Il Museo Pio-Clementino non era aperto al pubblico ma facilmente accessibile per coloro che intendessero visitarlo, come ricorda Goethe, protagonista di una visita al lume di fiaccole. Il British Museum – benché pubblico – aveva l’ingresso limitato e a pagamento; il Palais du Luxmbourg era aperto sei ore alla settimana, la galleria dell’Hofgarten a Monaco era aperta tutti i giorni ma solo tre ore al mattino e tre al pomeriggio, il Belvedere di Vienna tre giorni alla settimana per “chiunque avesse le scarpe pulite”. Queste ed altre istituzioni culturali europee dovranno attendere la Rivoluzione francese per poter ricoprire il ruolo di istituzioni votate alla “pubblica utilità”. A quel tempo la “pubblica utilità” era considerata un caposaldo delle funzioni museali. Il Museo aperto al pubblico doveva essere al servizio e a disposizione dell’intera comunità. Tale concetto ormai storicizzato caratterizza l’opinione comune dei vertici protagonisti dell’odierno dibattito su cosa il Museo rappresenti oggi.

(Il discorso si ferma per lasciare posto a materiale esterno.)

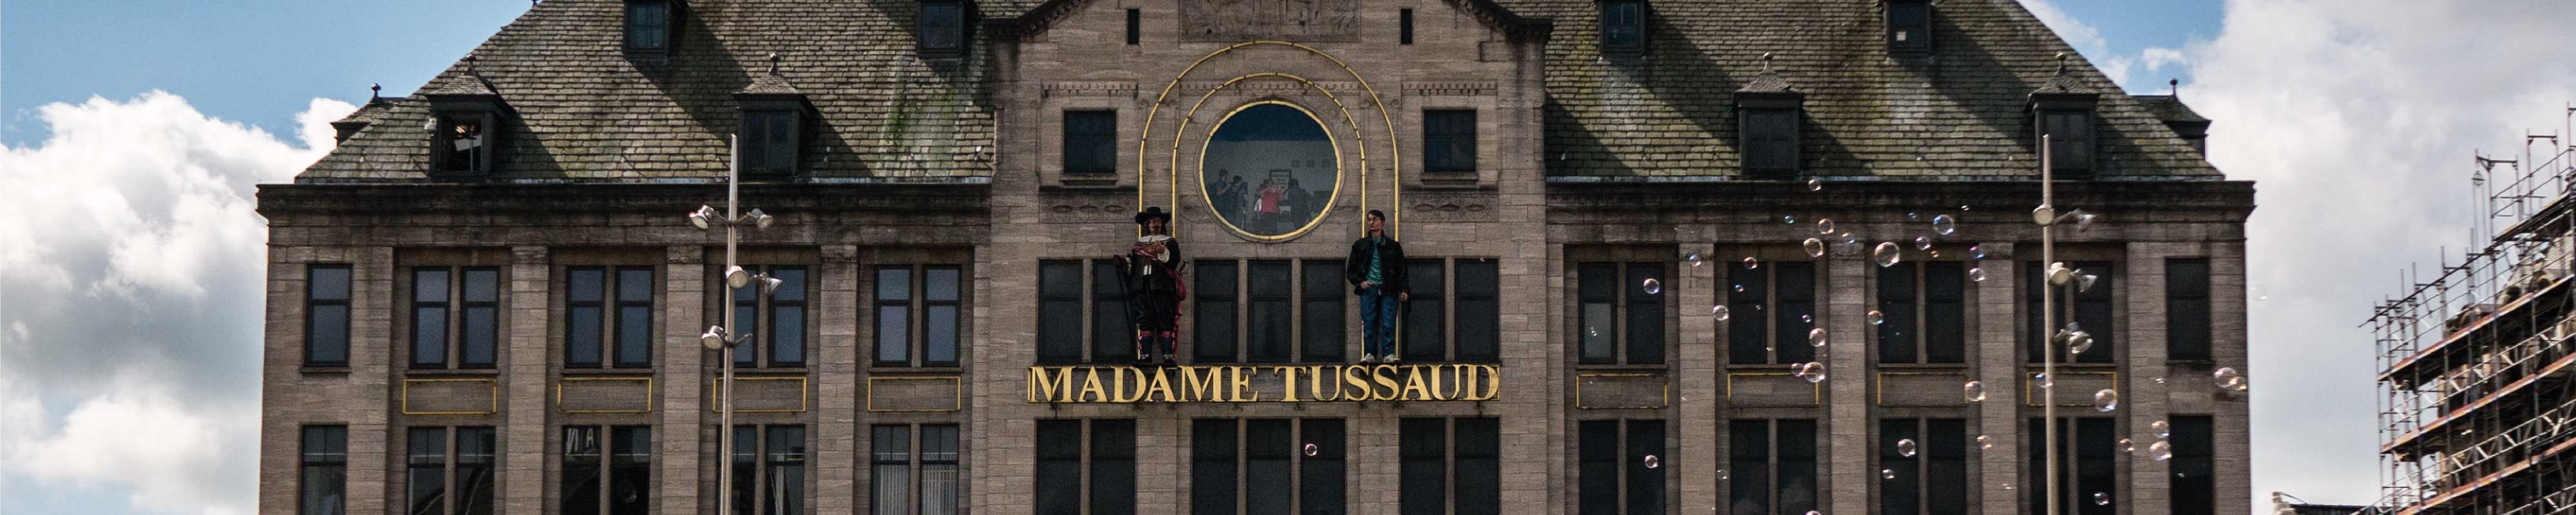 near the Madame Tussauds Museum

Il festoso e animato “Gabinetto delle meraviglie” di Bruegel il Vecchio, una stanza che ospita una mirabile collezione di oggetti belli preziosi dipinti e stravaganze, rappresenta l’allegoria della vista e in certo qual modo dell’atto del vedere, che si apre alle molteplici possibilità.
È un quadro senza cornice, senza limite, sottende libere interpretazioni e curiosa ricerca.

Chiedersi cos’è un Museo non può, dunque, condurre ad una risposta univoca, o quantomeno ad una definizione universale, che ancora oggi non mette d’accordo tutti.

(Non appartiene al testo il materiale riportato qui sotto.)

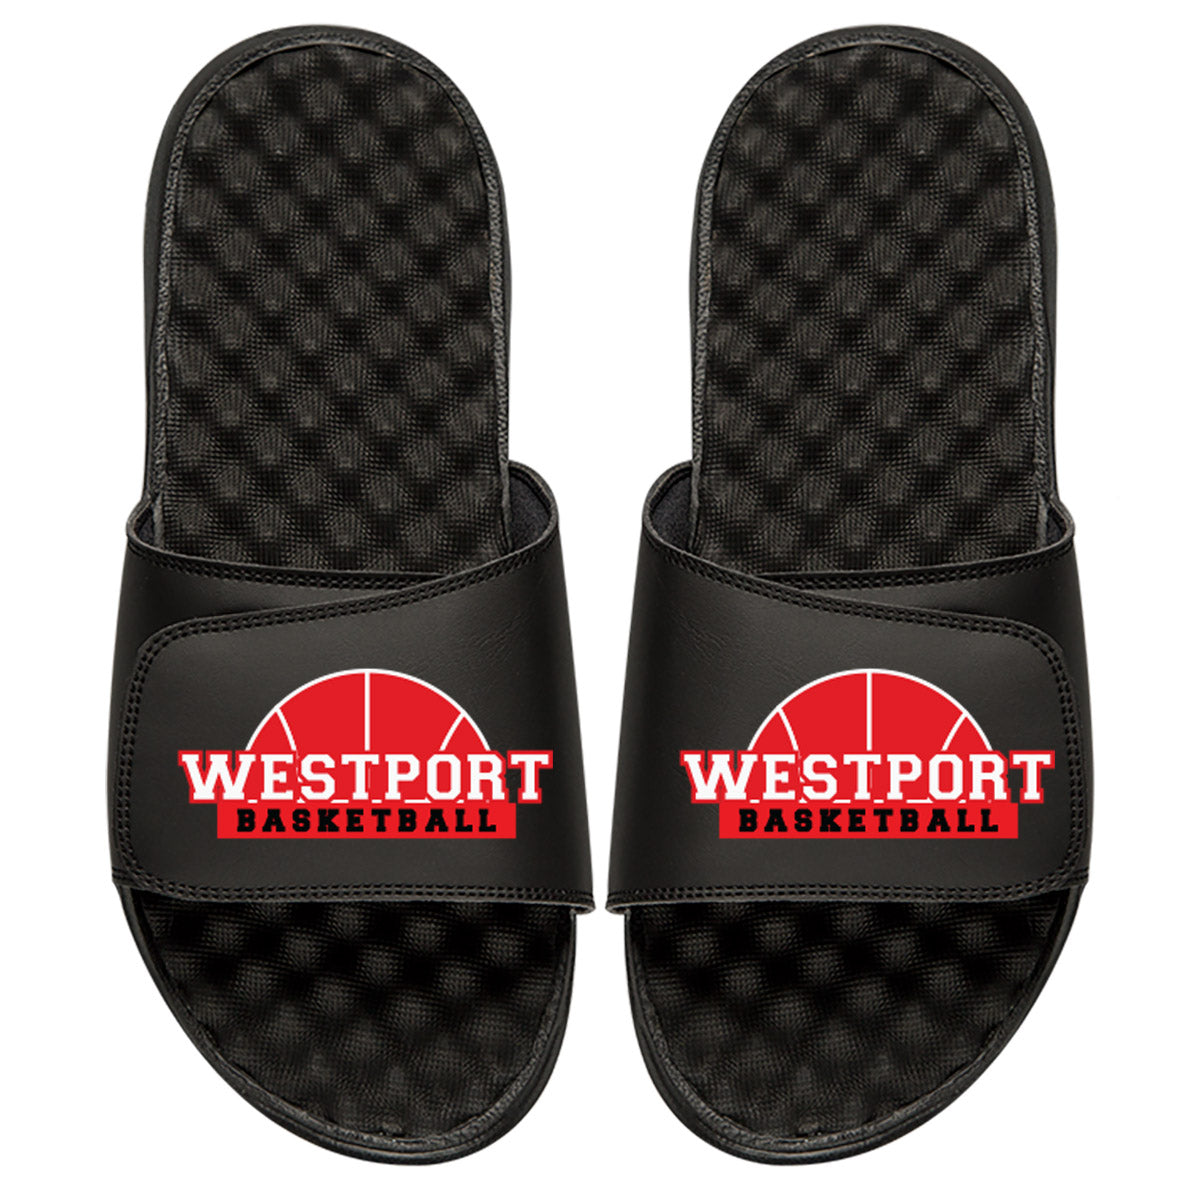 Westport Basketball - ISlide

Antonio Lampis, direttore generale dei musei in uscita, il 10 Aprile 2020 durante una sessione del WEBINAR | Coronavirus (COVID-19) and museums: impact, innovations and planning for post-crisis, dichiara che il museo è un’istituzione permanente, che negli ultimi anni è reputata sempre più cruciale per lo sviluppo culturale e che più di altre forme del “fare cultura” ha, recentemente, evidenziato un impegno planetario rivolto all’adattamento ai rapidi mutamenti della società contemporanea, spostando, in estrema sintesi, le attenzioni del museo ‘dalle cose alle persone’.

Lampis scomoda la definizione che ritroviamo in tutti i manuali e libri di museologia ma l’accompagna con riflessioni nuove e pertinenti al cambiamento della nostra società odierna.

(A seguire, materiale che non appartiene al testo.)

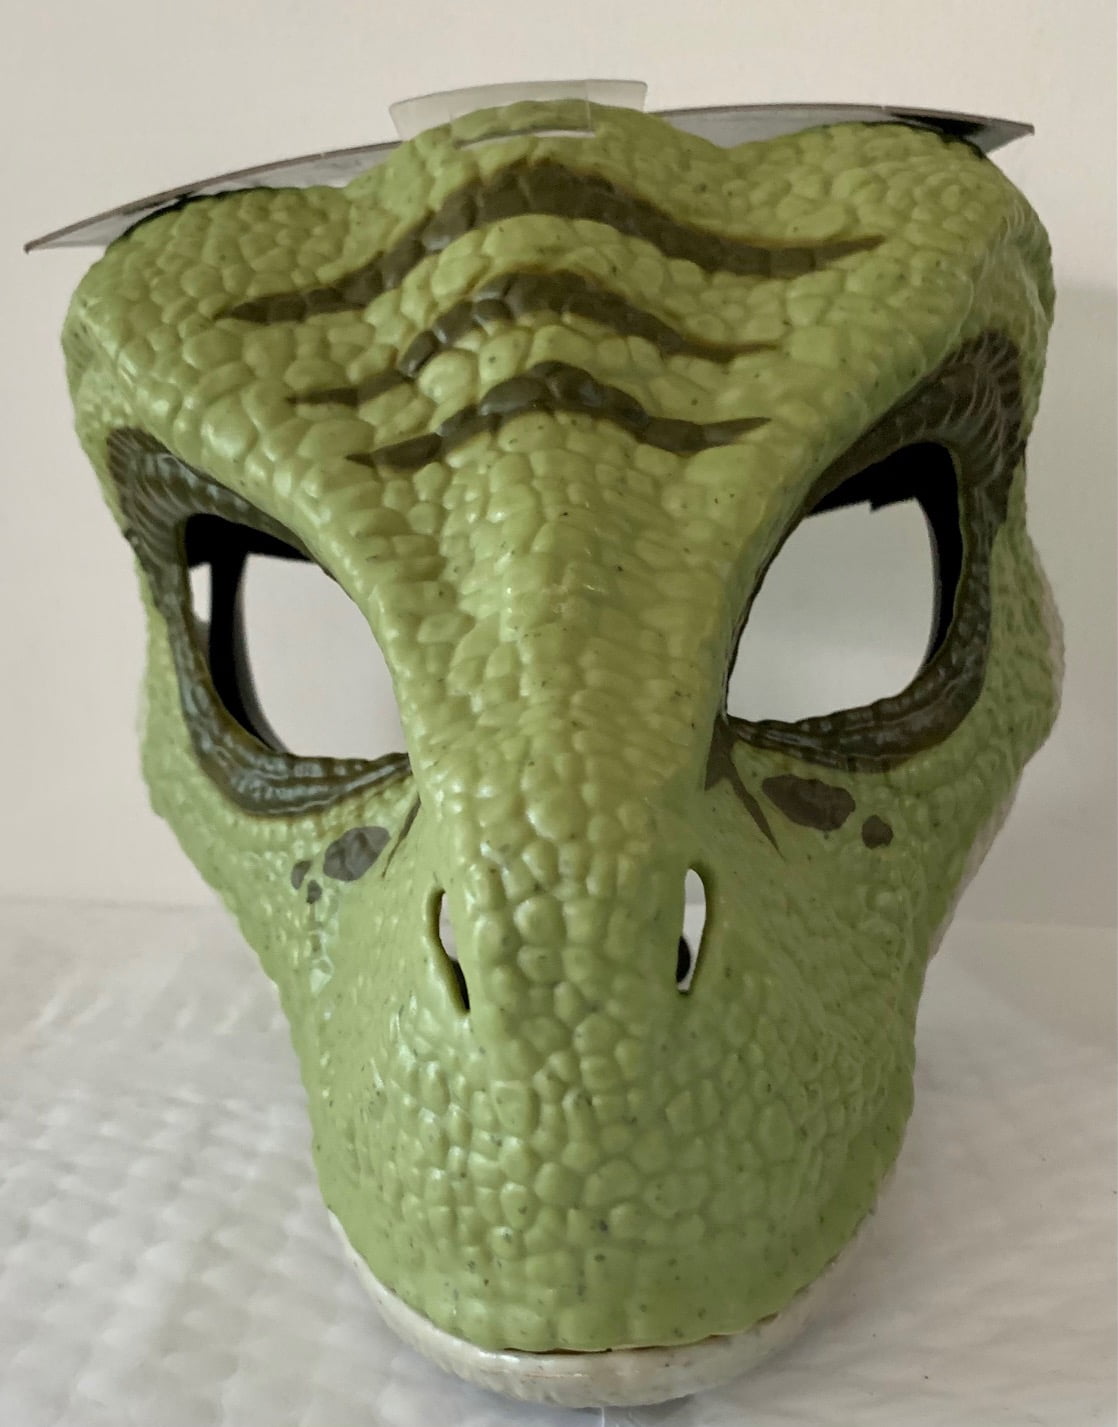 Jurassic World Villain Dino Mask

“Il museo è un’istituzione permanente, senza fini di lucro, aperta al pubblico, al servizio della società e del suo sviluppo, che compie ricerche, acquisisce, conserva e, soprattutto, espone le testimonianze dell’umanità e del suo ambiente a fini di studio, educazione e diletto”.

Così si legge nella proposizione dell’ICOM (International Council Of Museums) risalente al 1951, che verrà sostituita prima nell’Assemblea a Seul (2004), poi approvata nell’ambito della ventiduesima General Assembly di ICOM a Vienna, il 24 agosto 2007.

Si riporta la più recente definizione di museo:

“Il museo è un’istituzione permanente, senza scopo di lucro, al servizio della società, e del suo sviluppo, aperta al pubblico, che effettua ricerche sulle testimonianze materiali ed immateriali dell’uomo e del suo ambiente, le acquisisce, le conserva, e le comunica e specificatamente le espone per scopi di studio, educazione e diletto”.

Tenuto conto che l’esistenza di un museo sia basata sull’acquisizione di testimonianze aventi valore di civiltà (secondo la definizione della Commissione Franceschini), in ordine di priorità appaiono la tutela e la conservazione che devono necessariamente andare di pari passo con la comunicazione.

Al riconoscimento dell’autorevolezza della comunicazione come alleata della promozione culturale, Ludovico Solima dedica pagine molto interessanti nella collana Quaderni della valorizzazione-1, Il museo in ascolto. Nuove strategie di comunicazione per i musei statali.

Si sottolinea l’importanza che negli ultimi anni le strategie comunicative hanno ricoperto in ambito di perseguimento di obiettivi, svolgimento di funzioni e trasmissione di messaggi. Sempre più le norme italiane sui musei stanno avvertendo l’esigenza di sottolineare la necessità di offrire al visitatore “effettive esperienze di conoscenza”. Tali esperienze per lo più non comprese urtano un modello museale stagnante nelle sue definizioni e nei suoi giochi di sistema, che indossa le vesti di un promotore di verità assolute e consolidate nel tempo, che sovvertono i nuovi dialoghi.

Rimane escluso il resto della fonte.